Here was indeed the raw stuff of poor human nature illuminated by a blaze of passion. Dom, with her fierce white face and furious eyes, was the very embodiment of hatred, malice, and all uncharitableness. Her lips were quivering and bloodless; she seemed scarcely able to breathe, and shook with the vehemence of her feelings.
"Dom, you are talking nonsense," protested her sister. "I did prevent your running away with Captain Fielder; you will thank me some day—and I have kept your secret loyally. This sort of affair is hateful to me—I do assure you."
Dominga's incredulous laugh was almost like the cry of a hyena.
"I know that Captain Fielder does not intend to marry you; you see what his love means! I thought you were proud of being a Chandos. Could you bear to drag your life out in the gutter?"
"I could bear to drag out my life, following Jimmy round the world on my bare knees—I would ask no more; and last night I had not seen him for six weeks—and I was within three minutes of meeting him—I—who have been counting the very hours since he left me. And you—you"—she choked—"oh, I cannot speak! but I could tear you to pieces"; and with a moan like some wounded animal Dominga staggered from the room.
Whatever Dominga had told her mother, she now evinced to her third daughter a bitter and invincible animosity—life became almost insupportable, and the wretched girl's only refuge was either the den or the dufta.

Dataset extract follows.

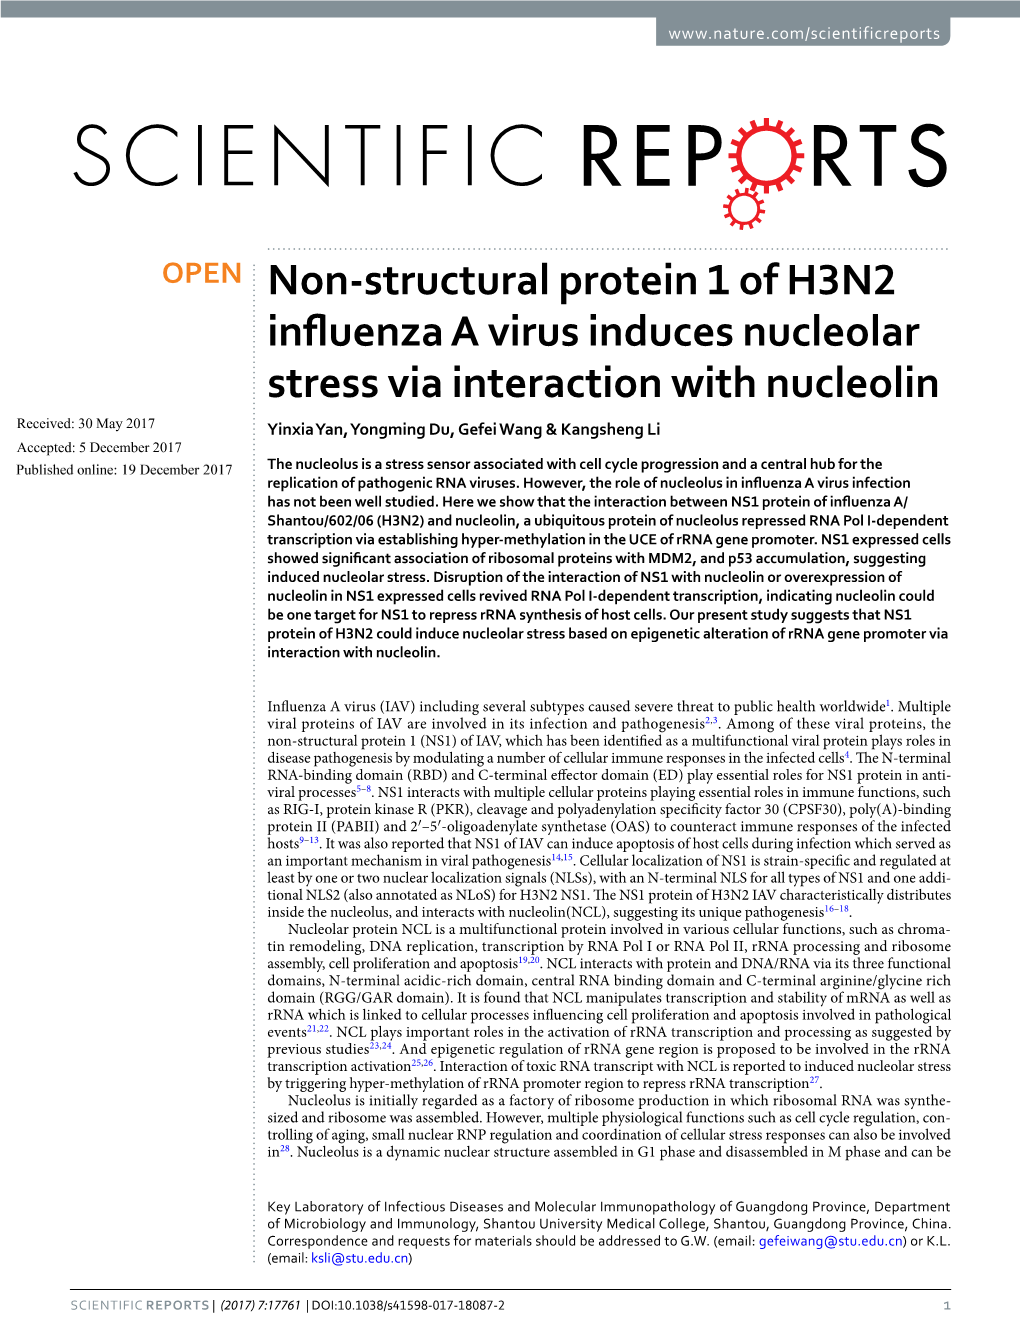 Non-Structural Protein 1 of H3N2 Influenza a Virus Induces Nucleolar
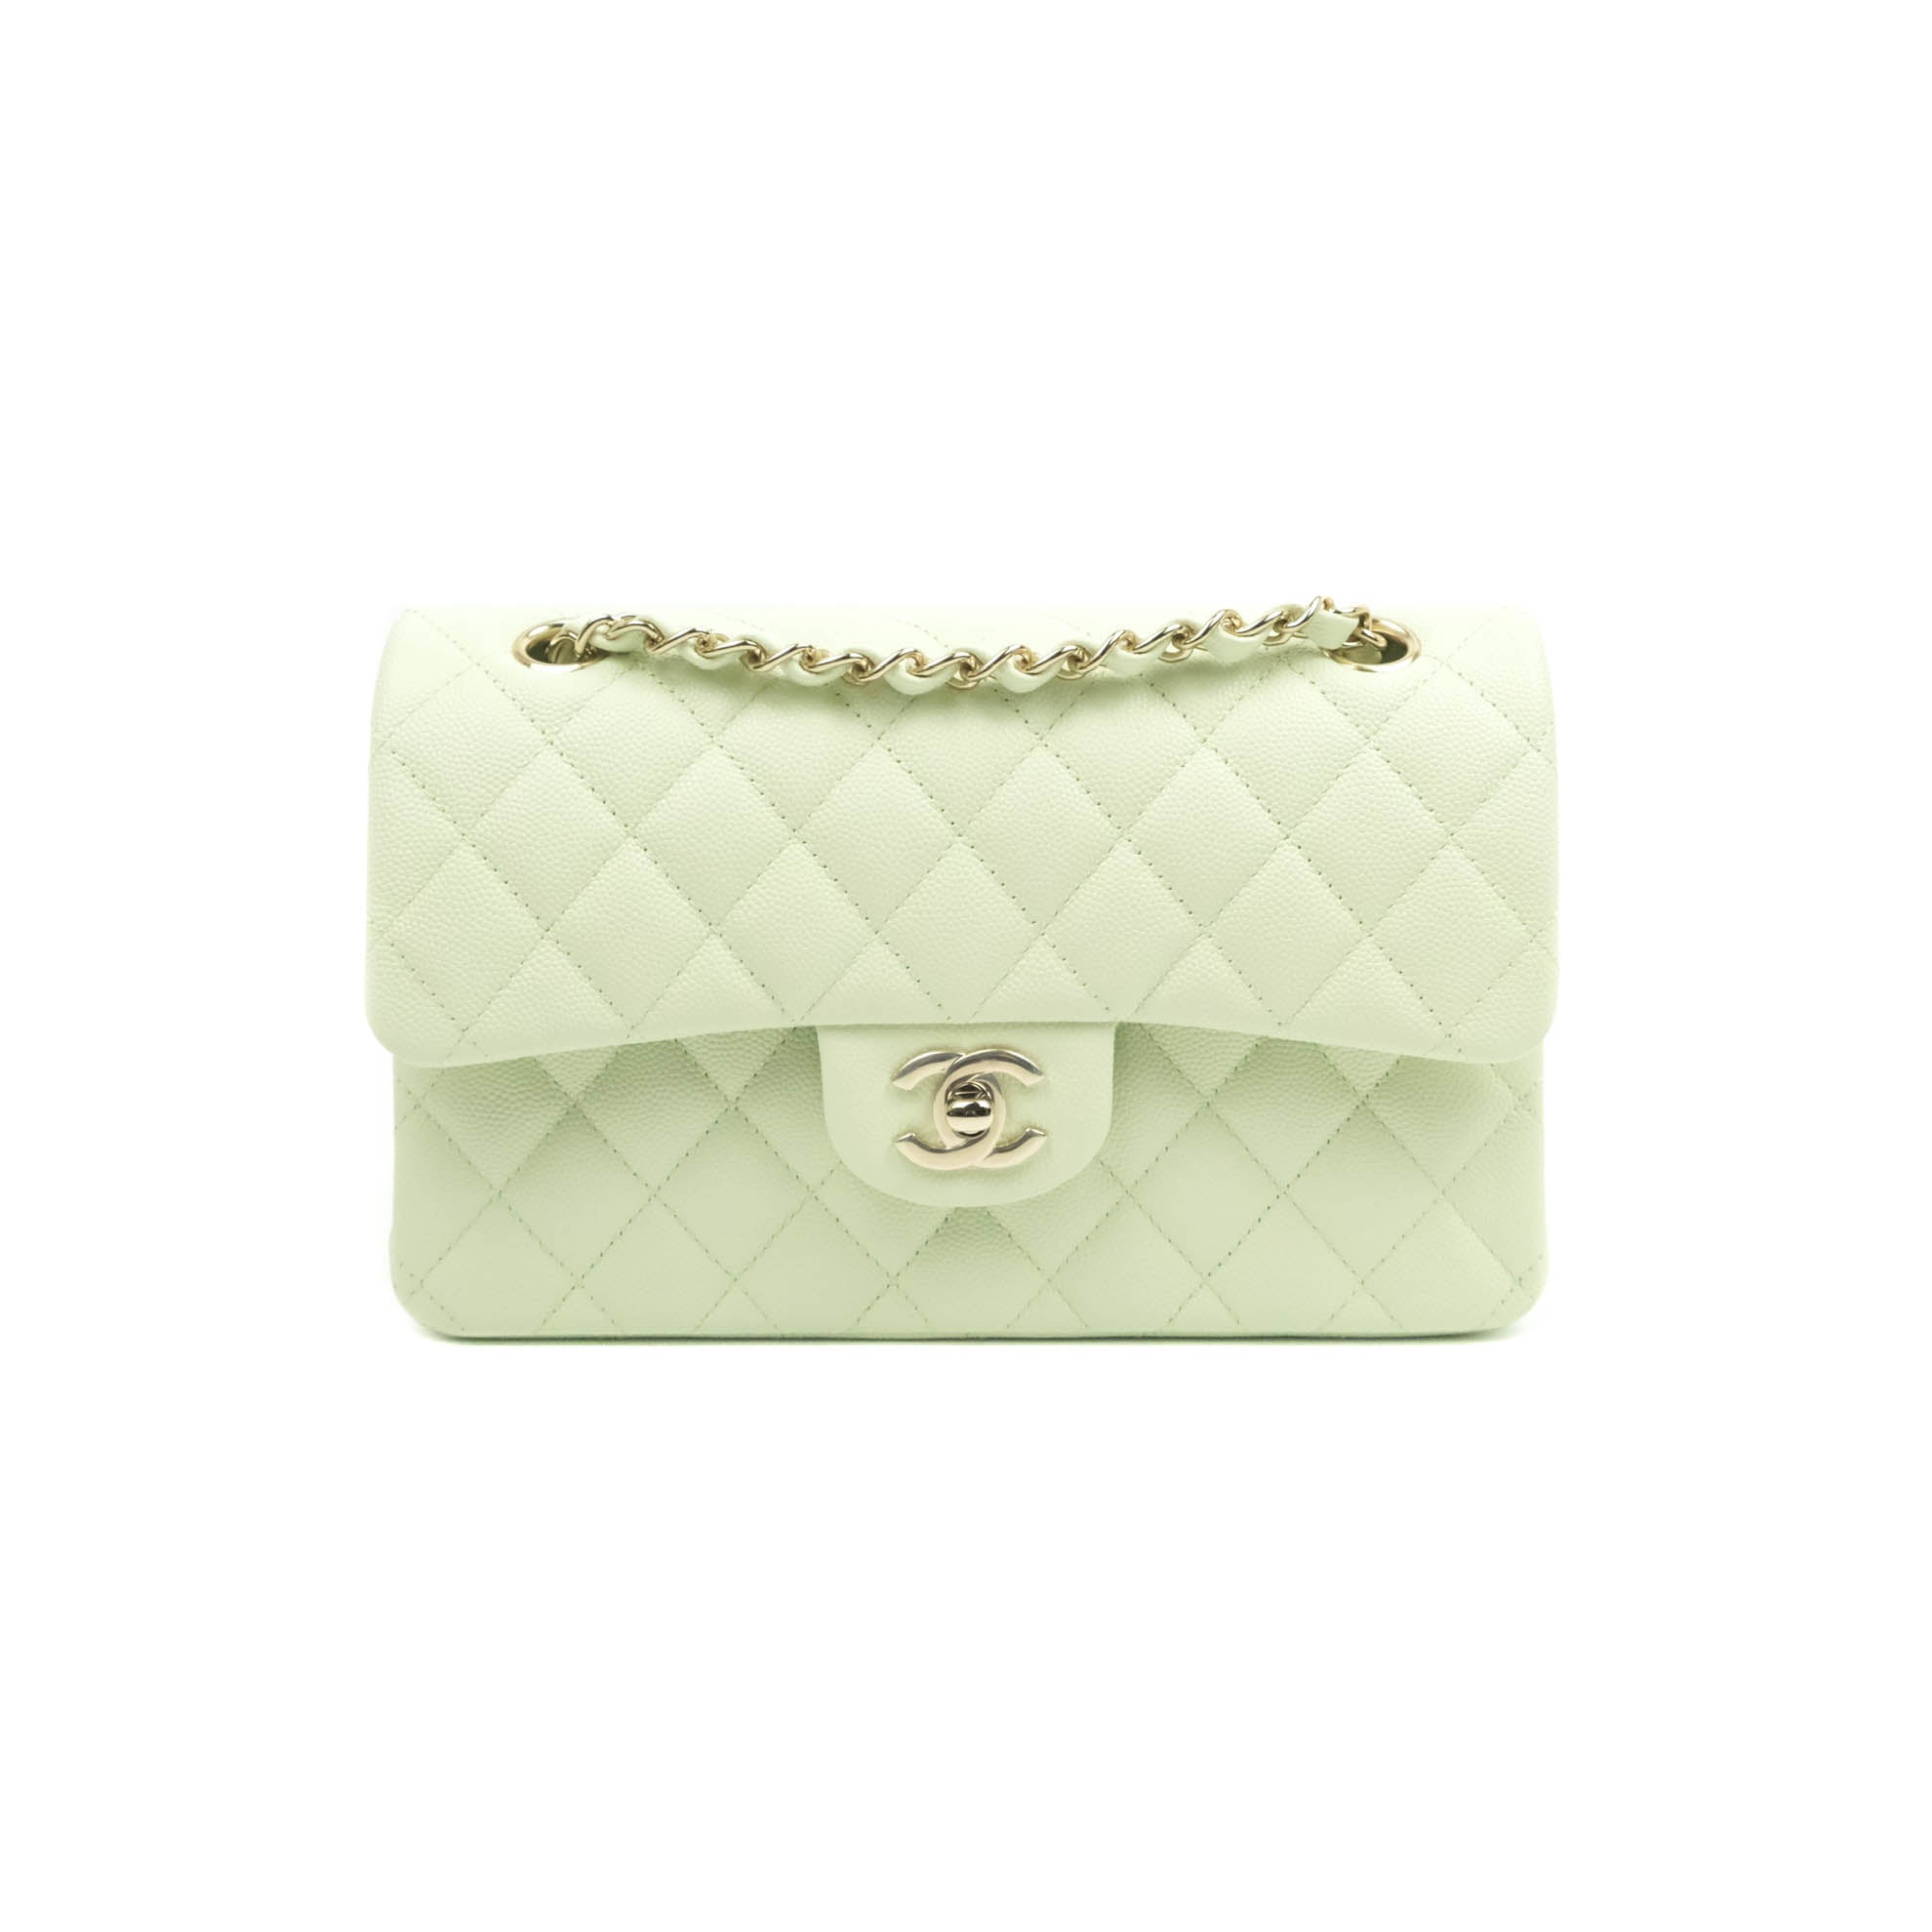 Chanel Quilted Caviar Mint Passport Holder Gold Hardware – Coco Approved  Studio

"Aha," exclaimed Nani, "it were better to have been advised by me. Dom avers that you have ravished from her her lover—'The Honourable'—the lord's son. She hath her mother's ear, and for all your good will, Dom has set her against you. So you will find, 'that to gain a cat—you have lost a cow'!"
CHAPTER XXXVIII
Were she to live to the age of one hundred years Verona could never forget that hot weather at Manora—the memory was burnt into her very soul. It was not merely the absolute desolation of the season, not only the breathless atmosphere that seemed to quench all vitality, the endless hours spent in idleness, because the rooms were necessarily darkened, it was not the maddening "Tonk Tonk" of the coppersmith bird, the thoughts of her past, the hopelessness of her future, but every other sensation was dominated by the fact that under the same roof, in that still, dim bungalow, abode two malignant spirits, whose every glance and word breathed invincible hatred and ill will.